*** SOURCE MATERIAL ***

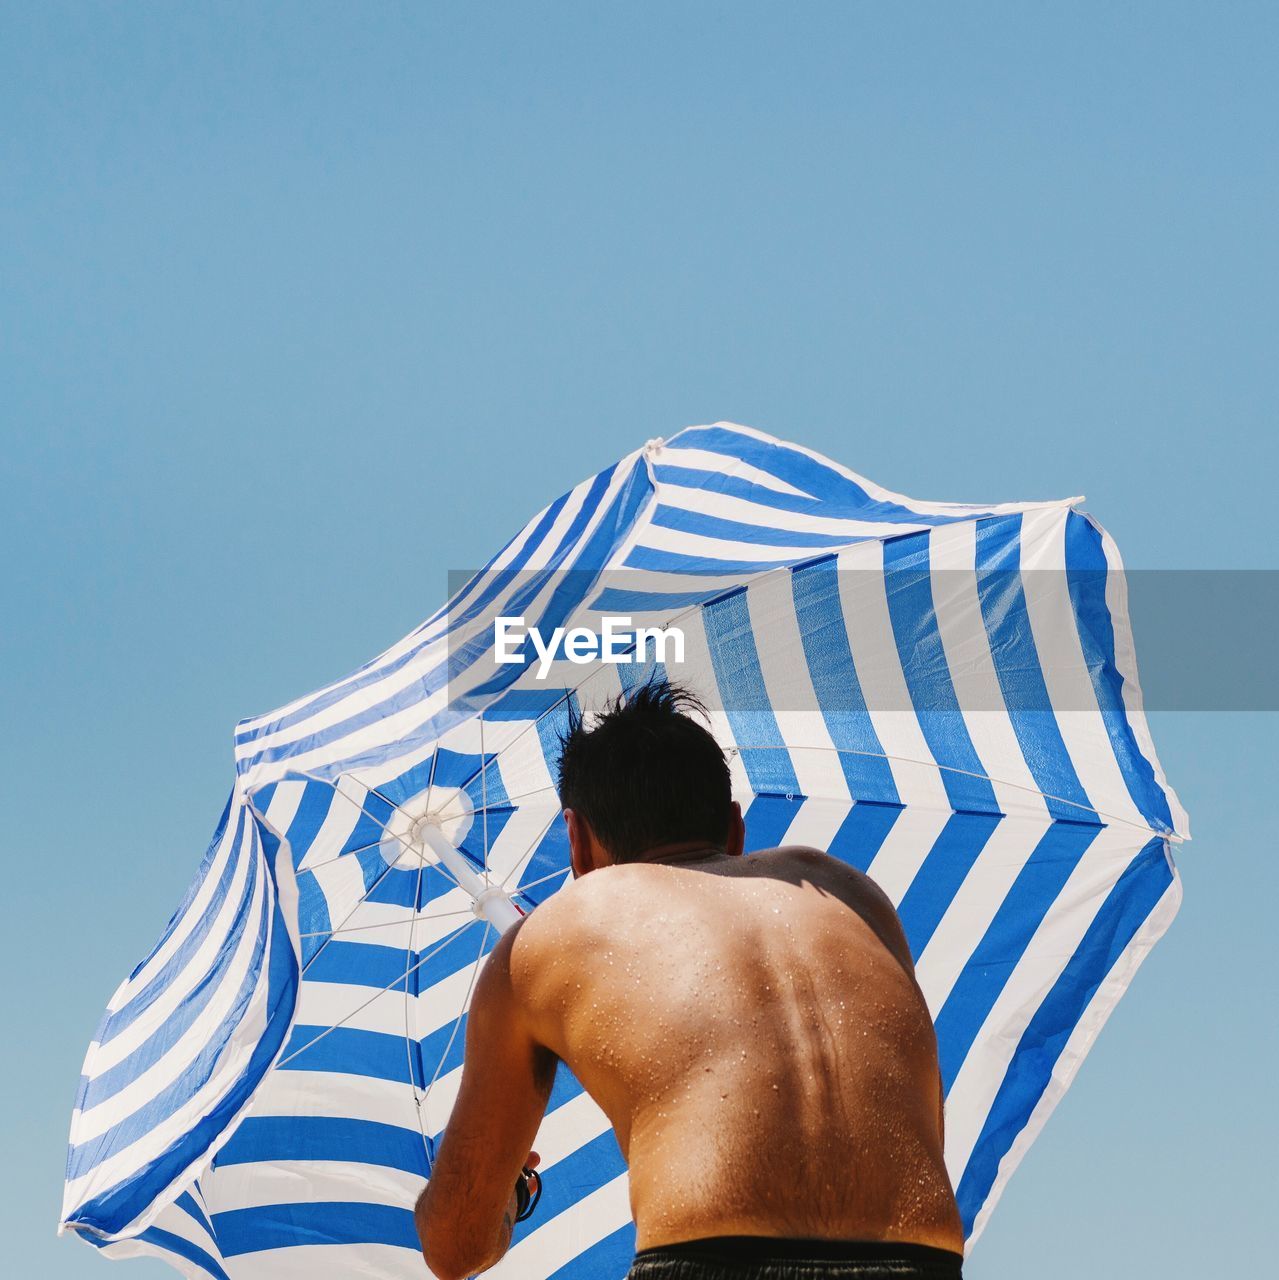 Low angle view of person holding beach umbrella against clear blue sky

*** End of SOURCE MATERIAL ***
*** SOURCE MATERIAL ***

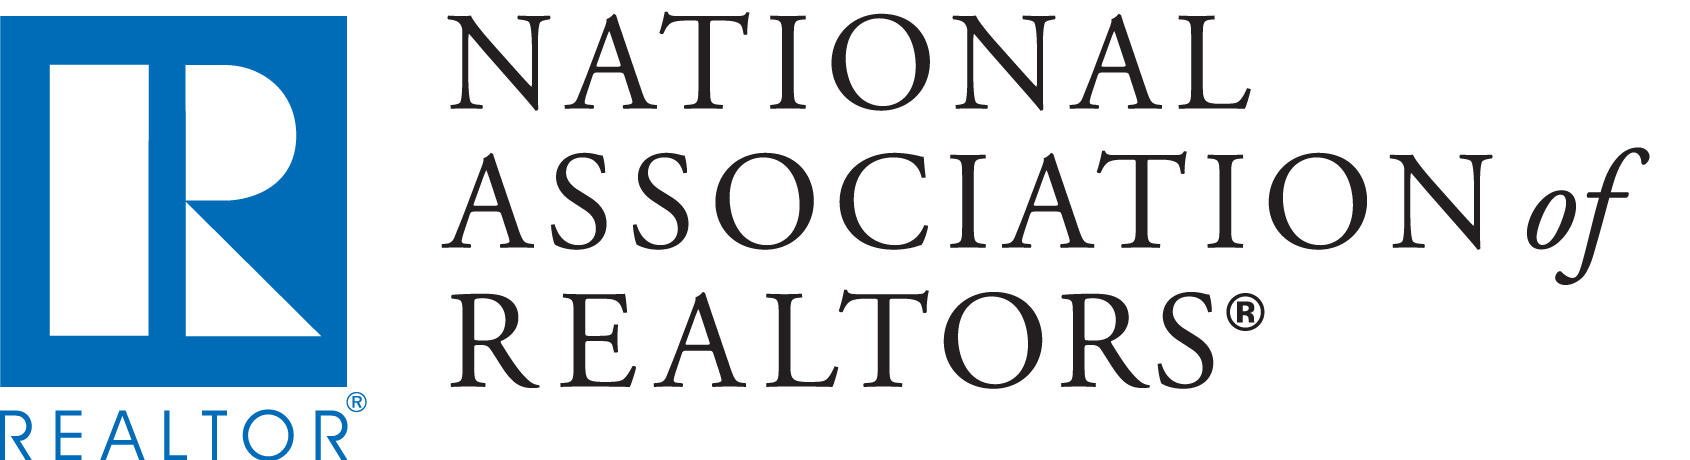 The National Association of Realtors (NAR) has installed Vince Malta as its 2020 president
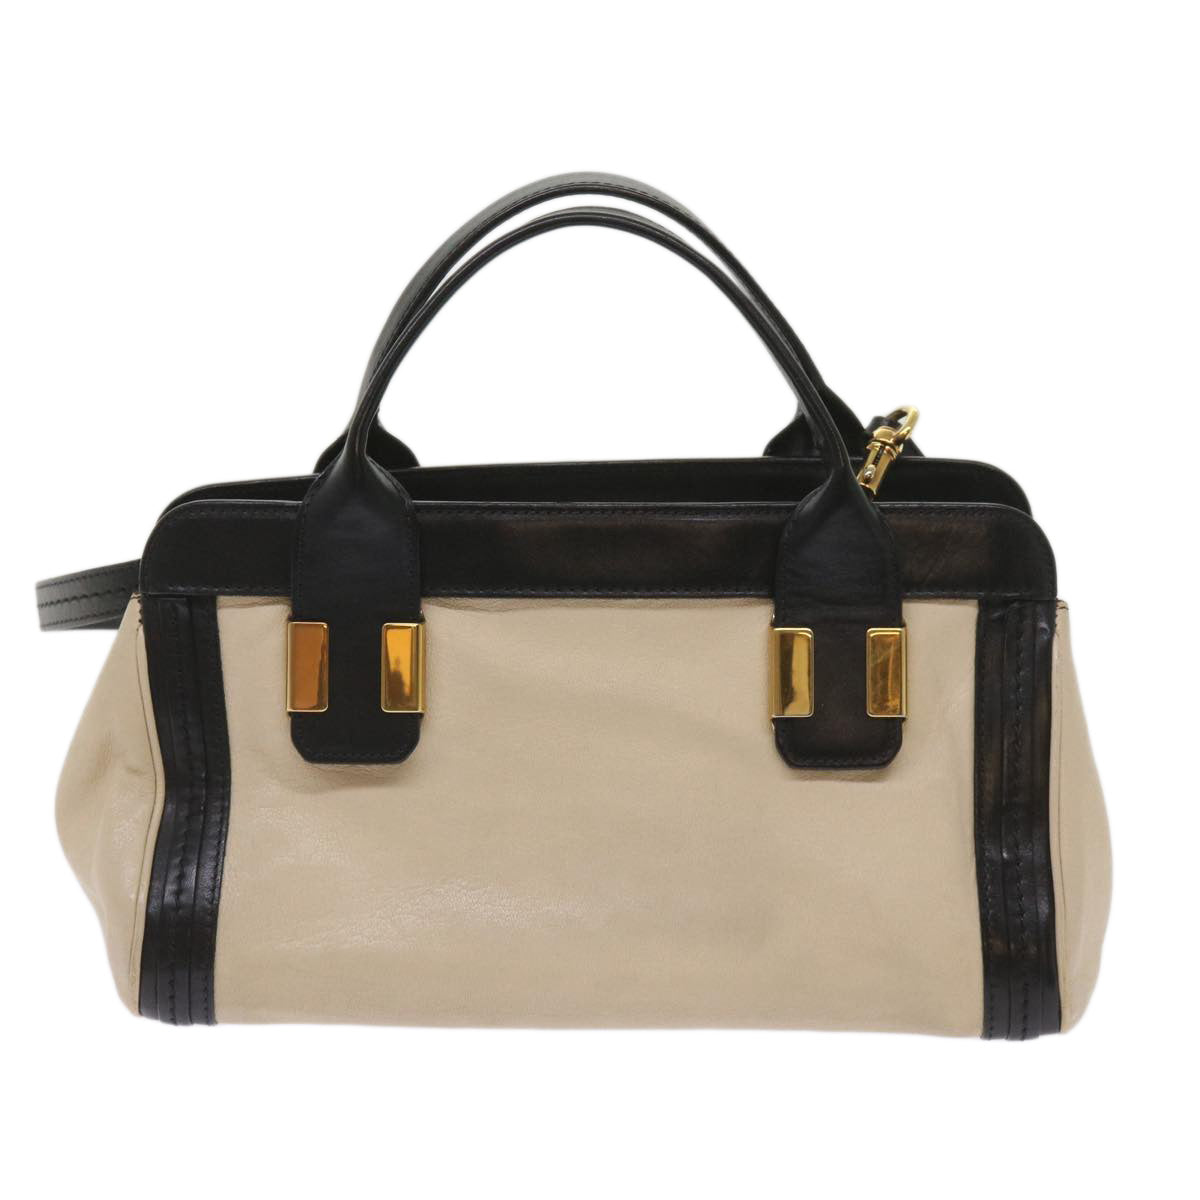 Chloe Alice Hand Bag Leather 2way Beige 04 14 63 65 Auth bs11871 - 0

*** End of SOURCE MATERIAL ***

◆ ACTIVITY
Transcribe, exactly and without pictures, everything in the data from the line with "The National Association" down to the line with "Chloe Alice Hand", both included.

◆ EXERCISE RESPONSE
 The National Association of Realtors (NAR) has installed Vince Malta as its 2020 president
 Chloe Alice Hand Bag Leather 2way Beige 04 14 63 65 Auth bs11871 - 0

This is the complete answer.